I’m glad you brought that up. Wouldn’t our train system be a good place to test out “driver-less driving”? Those things run on rails with limited traffic… and they still get in wrecks! Maybe we should try to have trains run without human operators first.
Well, if you need a driver, it removes a great deal of the benefit of driverless cars. Also, I don’t think anyone is seriously intending to make a car that would drive via GPS alone, you need to have the computer actively avoiding other cars, obstacles, things such as that.

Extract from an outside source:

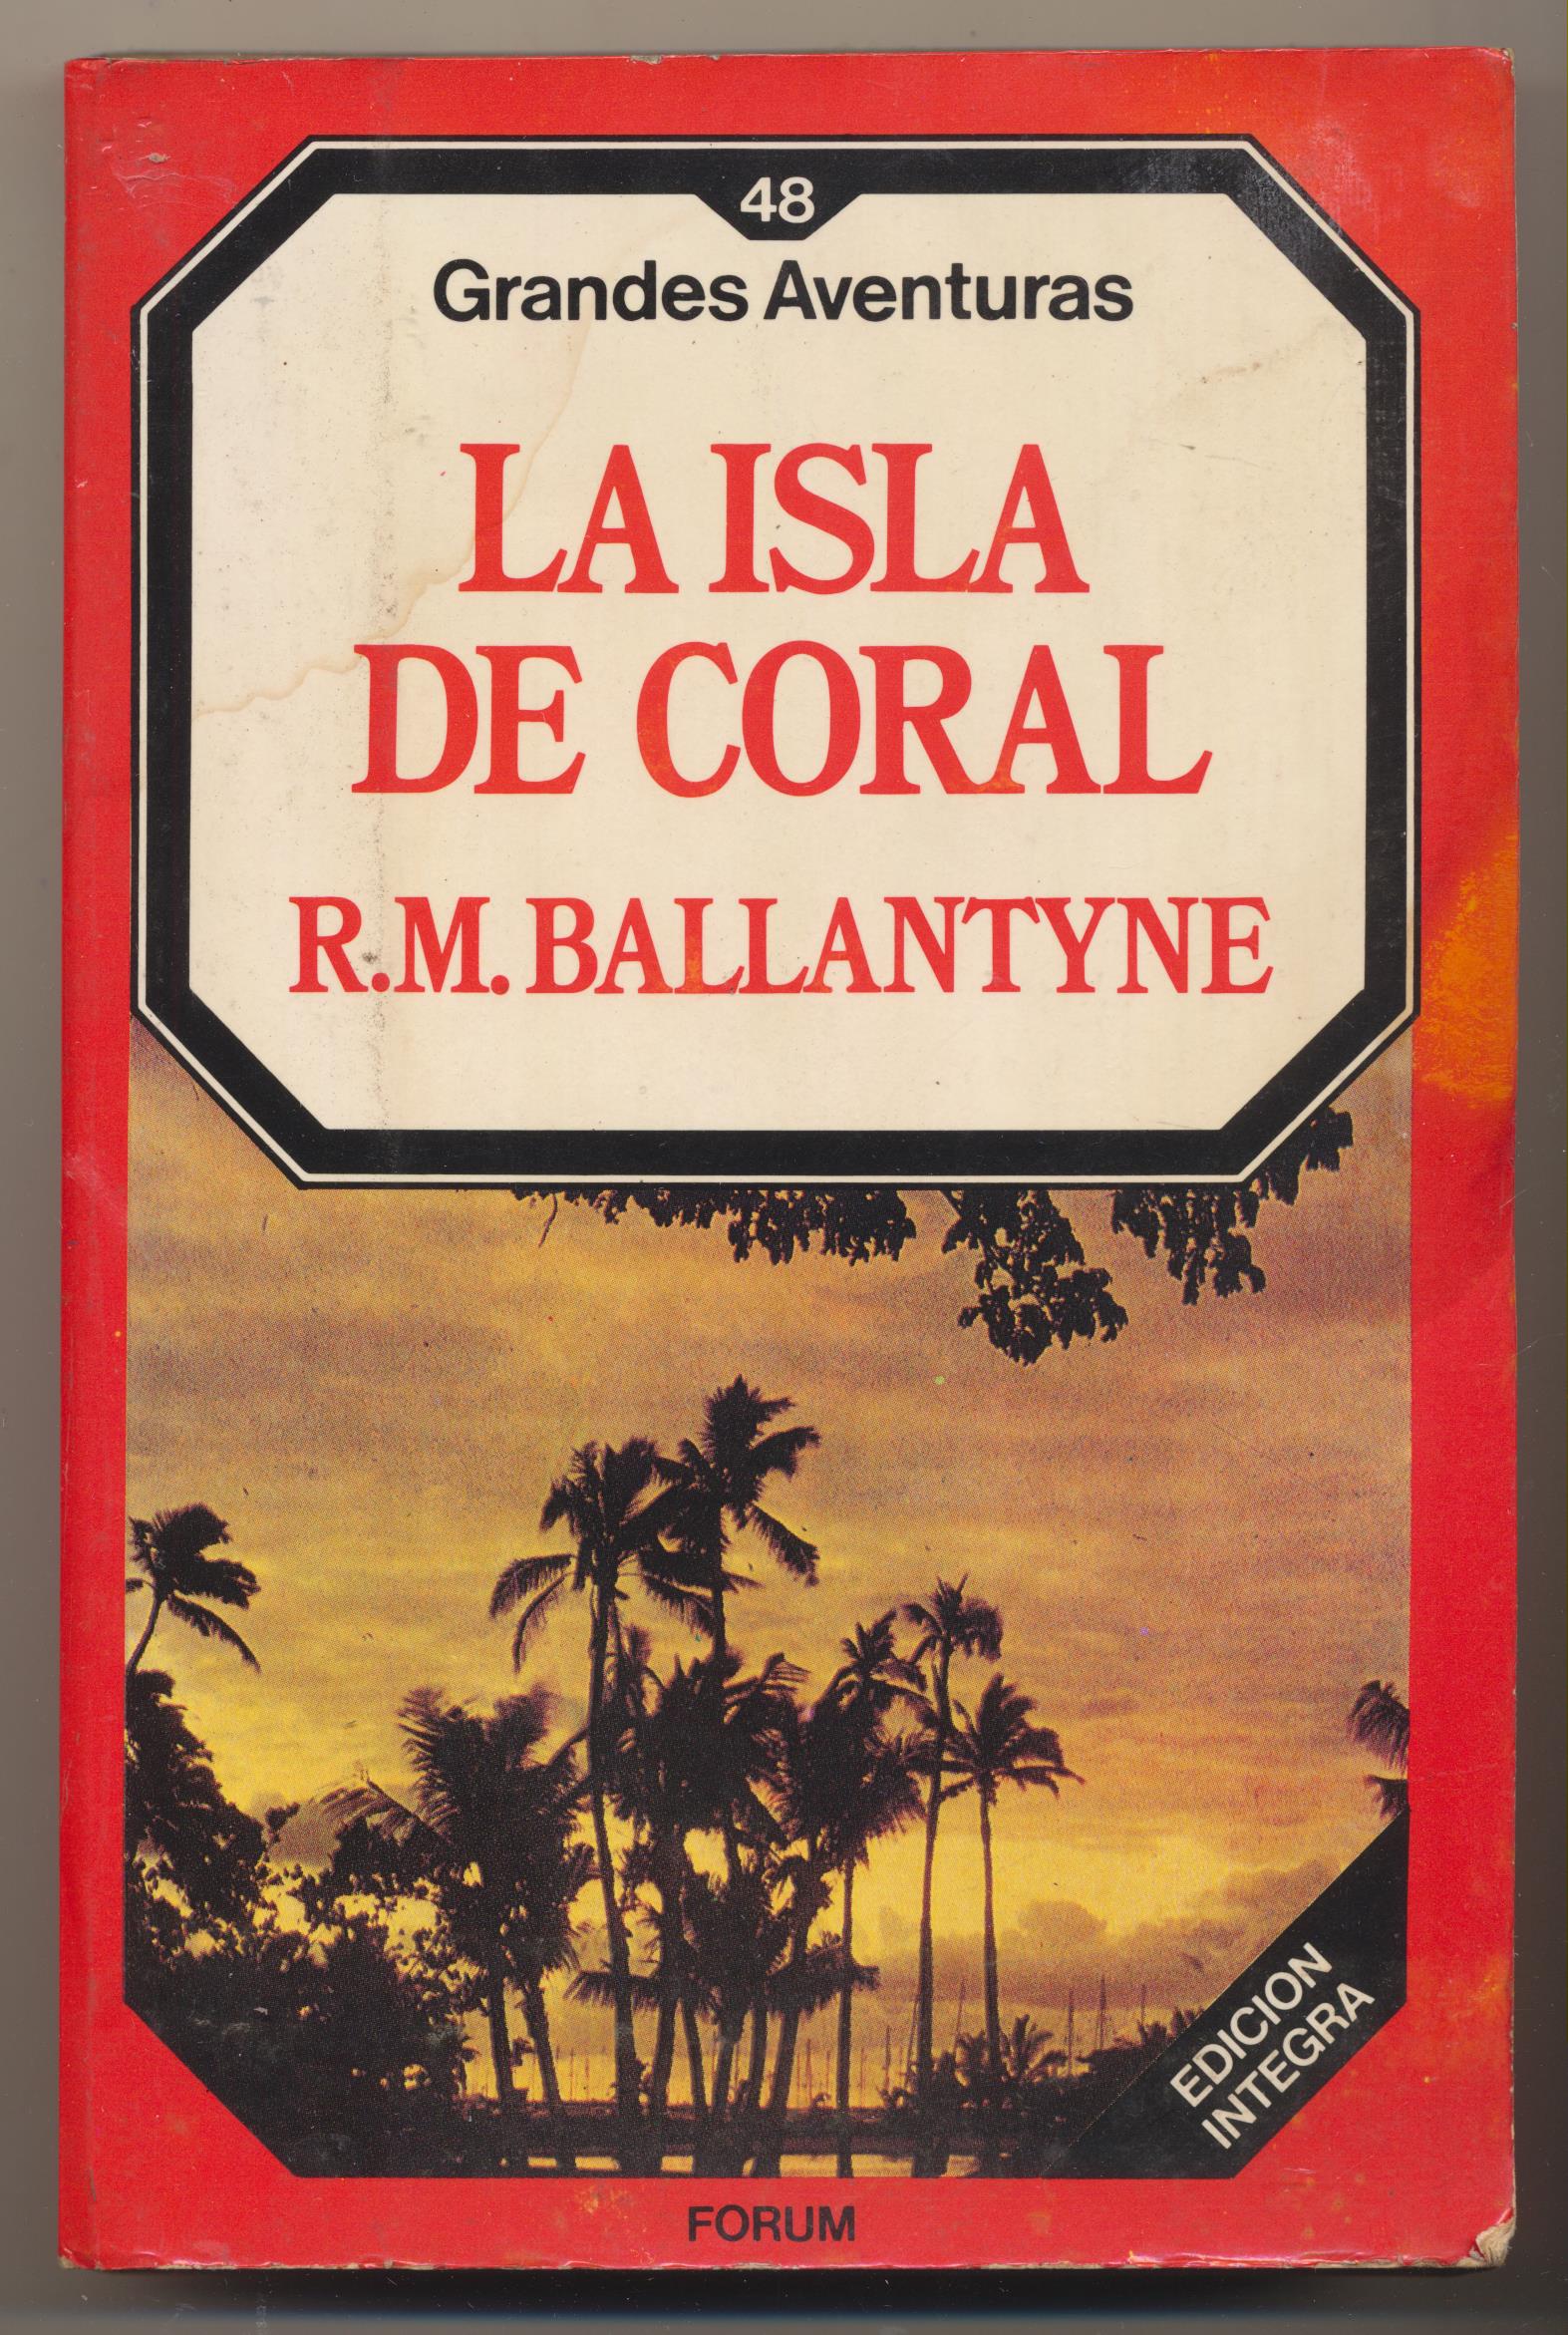 Grandes Aventuras nº 48. La Isla de Coral por R.M. Ballantyne. 1ª Edición Forum 1985

Google isn’t the only company working on self driving cars, they’re just the most public about what they’ve accomplished so far. The big automakers favor introducing smart driving components piecemeal into the market, and have already begun to do so. The self parking, and automated braking systems are the first step and are already in production. Up soon will be active steering that prevents a driver from driving into an obstacle, such as a car in a blind spot or off the road at high speeds should the driver not be paying attention. From there it’s not too big a leap to have a car take control during a skid and auto correct so the driver never loses control (this would be what would happen in the case speculated by the OP). Features that won’t be popular but might be mandated will be cars that can recognize speed limit signs to prevent drivers from exceeding it, to automatically stopping for stop signs and red lights.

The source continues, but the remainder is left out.